Comment expliques-tu ta progression fulgurante dans la maitrise du piano, et quel rôle a joué ou joue encore ton professeur ? Je travaille toujours avec lui. Effectivement vu de l’extérieur c’est très rapide. Partir de rien à l’âge de seize ans puis faire des concerts à peine un an plus tard… Je suis tombé dans la musique et je l’ai fait avec toute la passion, toute la force et toute l’obsession qu’on peut avoir à cet âge. C’était un engagement tellement total que rien d’autre n’avait d’importance à part la musique et j’ai vraiment donné ma vie. C’est un mélange de beaucoup de choses : j’avais un professeur qui avait une méthode incroyable, et je sentais qu’en suivant son enseignement, ça m’ouvrait énormément de portes mais cela vient également d’un travail sans compromis et sans pitié.

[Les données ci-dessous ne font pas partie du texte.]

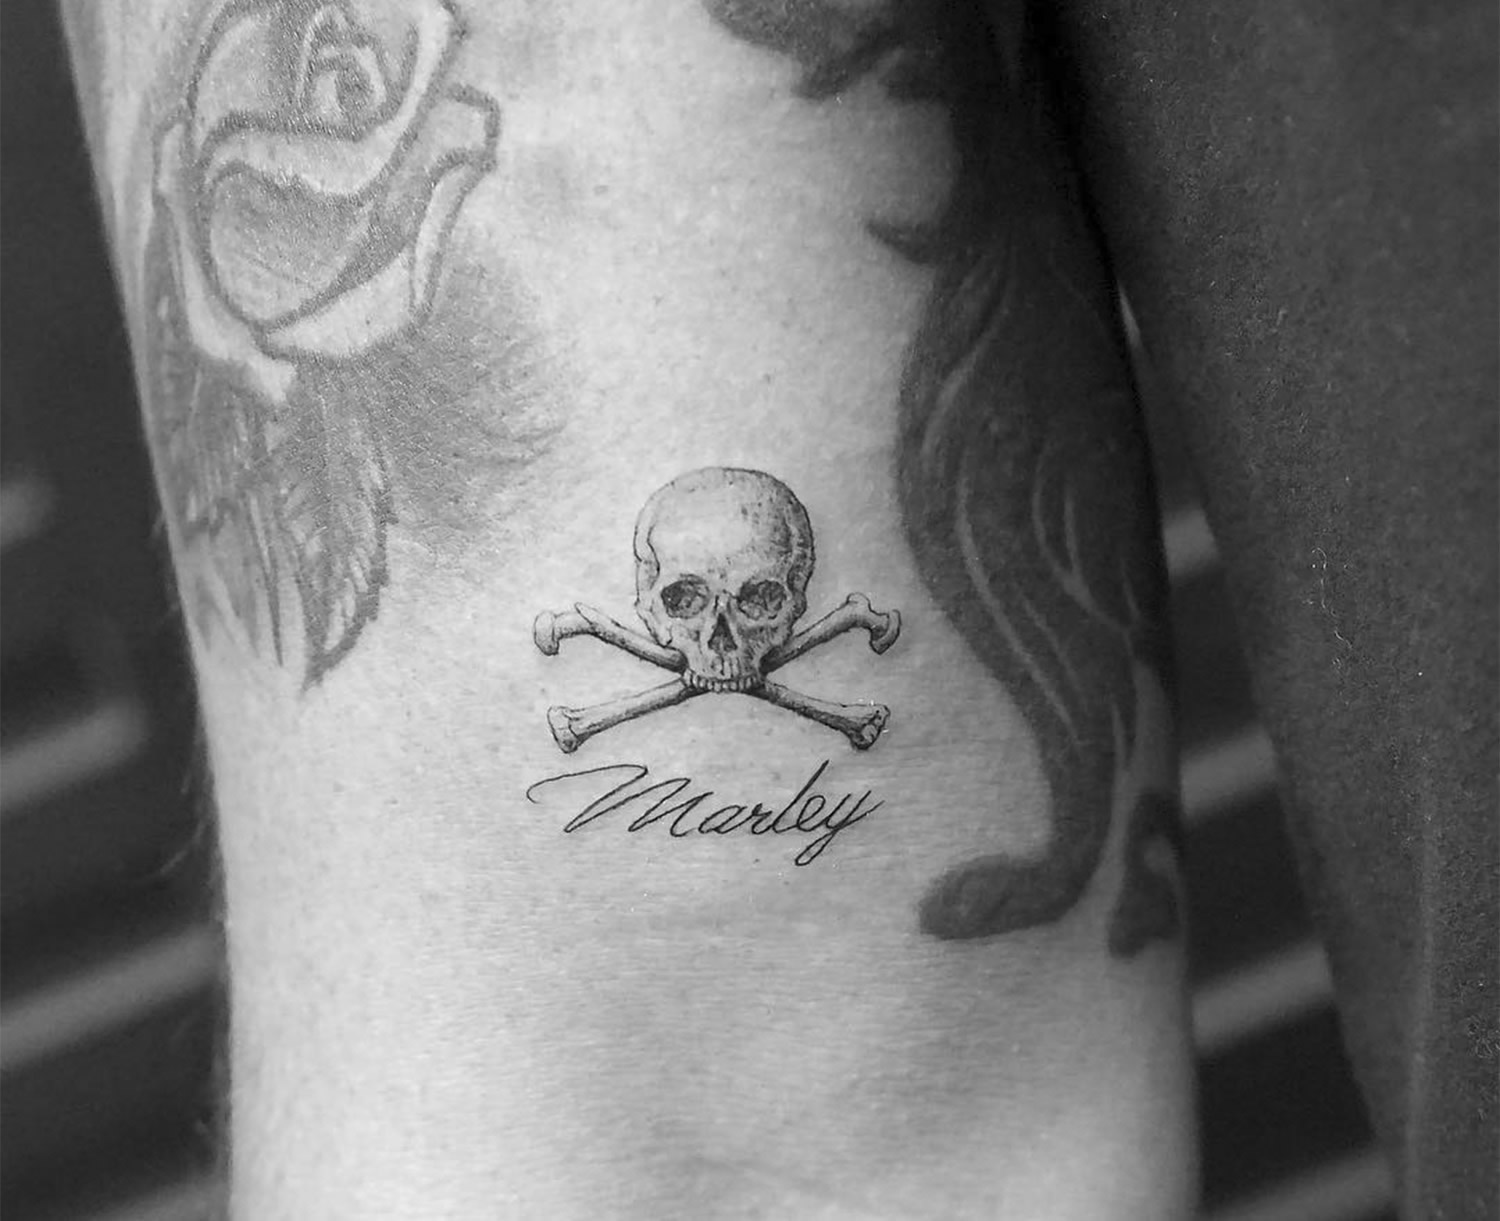 RIP tattoo, crossbones, name marley by mr k
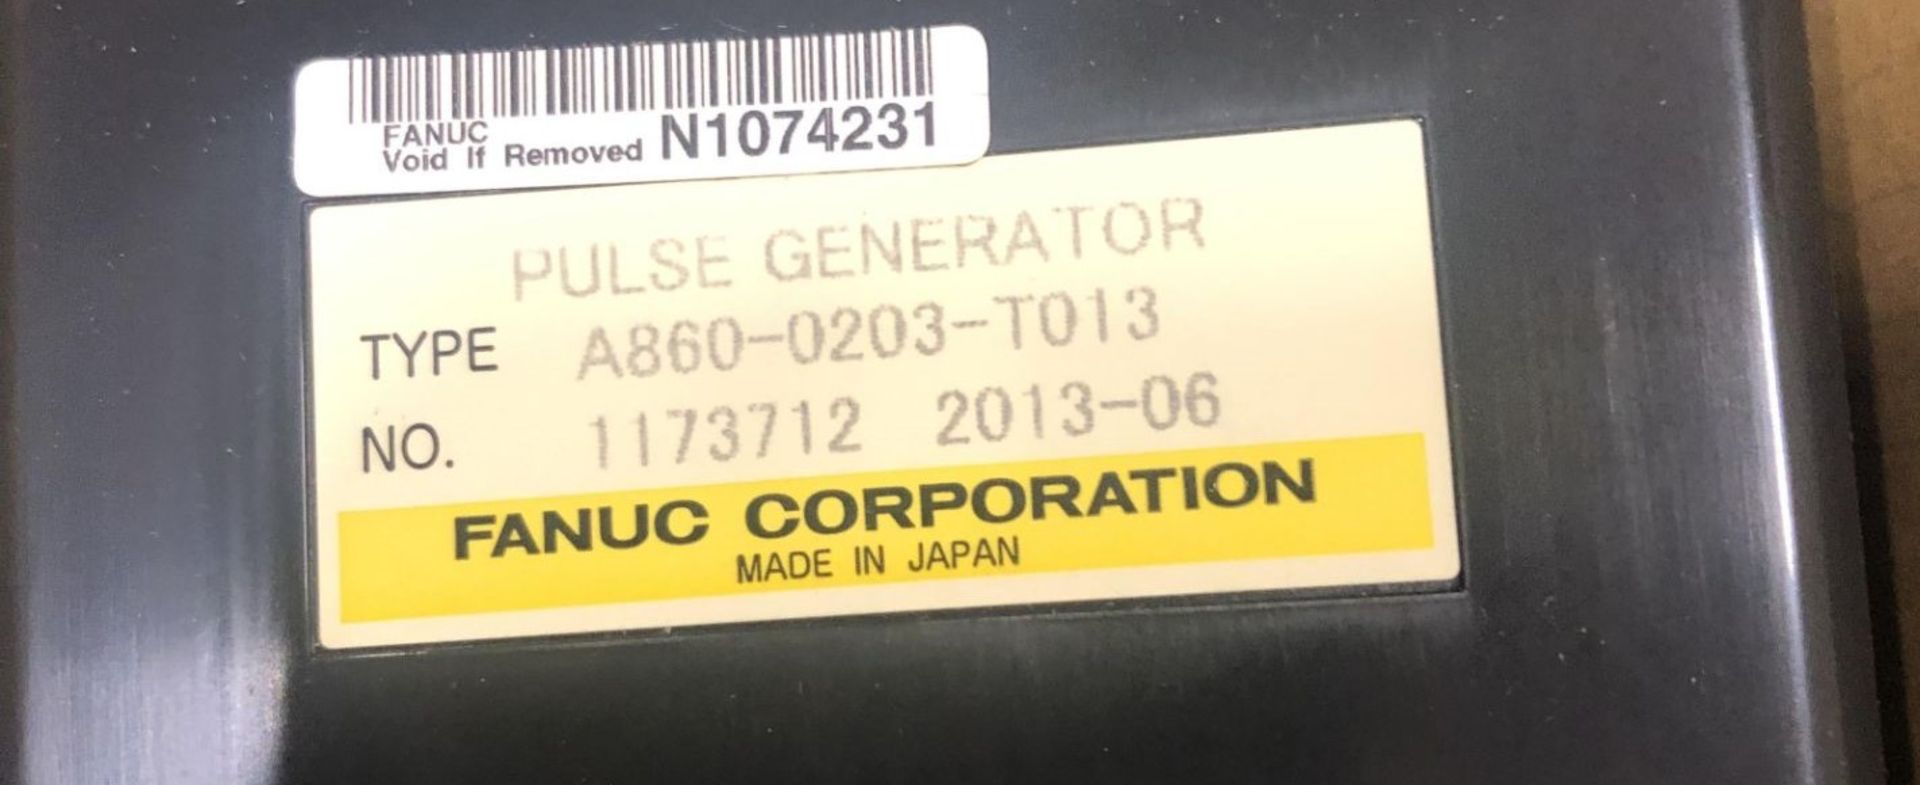 NEW IN BOX Fanuc Pulse Generator Unit, A860-0203-T013 - Image 4 of 4

Que penses-tu de la notion de mentor, d’avoir une personne qui guide, qui oriente ? C’est très important. Au niveau du jazz, c’était plutôt instinctif avec des figures mythiques comme Art Tatum, Charlie Parker ou John Coltrane qui ne délivraient pas de leçons mais la force de leur travail, de leur présence et de leur musique influençaient les autres musiciens. J’ai eu la chance de fréquenter quelqu’un qui est un musicien plutôt moyen mais qui a développé une méthodologie exceptionnelle, permettant de comprendre et d’analyser le travail des grands maîtres mais aussi de prétendre à trouver son propre style. C’était une technique très mathématique, très claire.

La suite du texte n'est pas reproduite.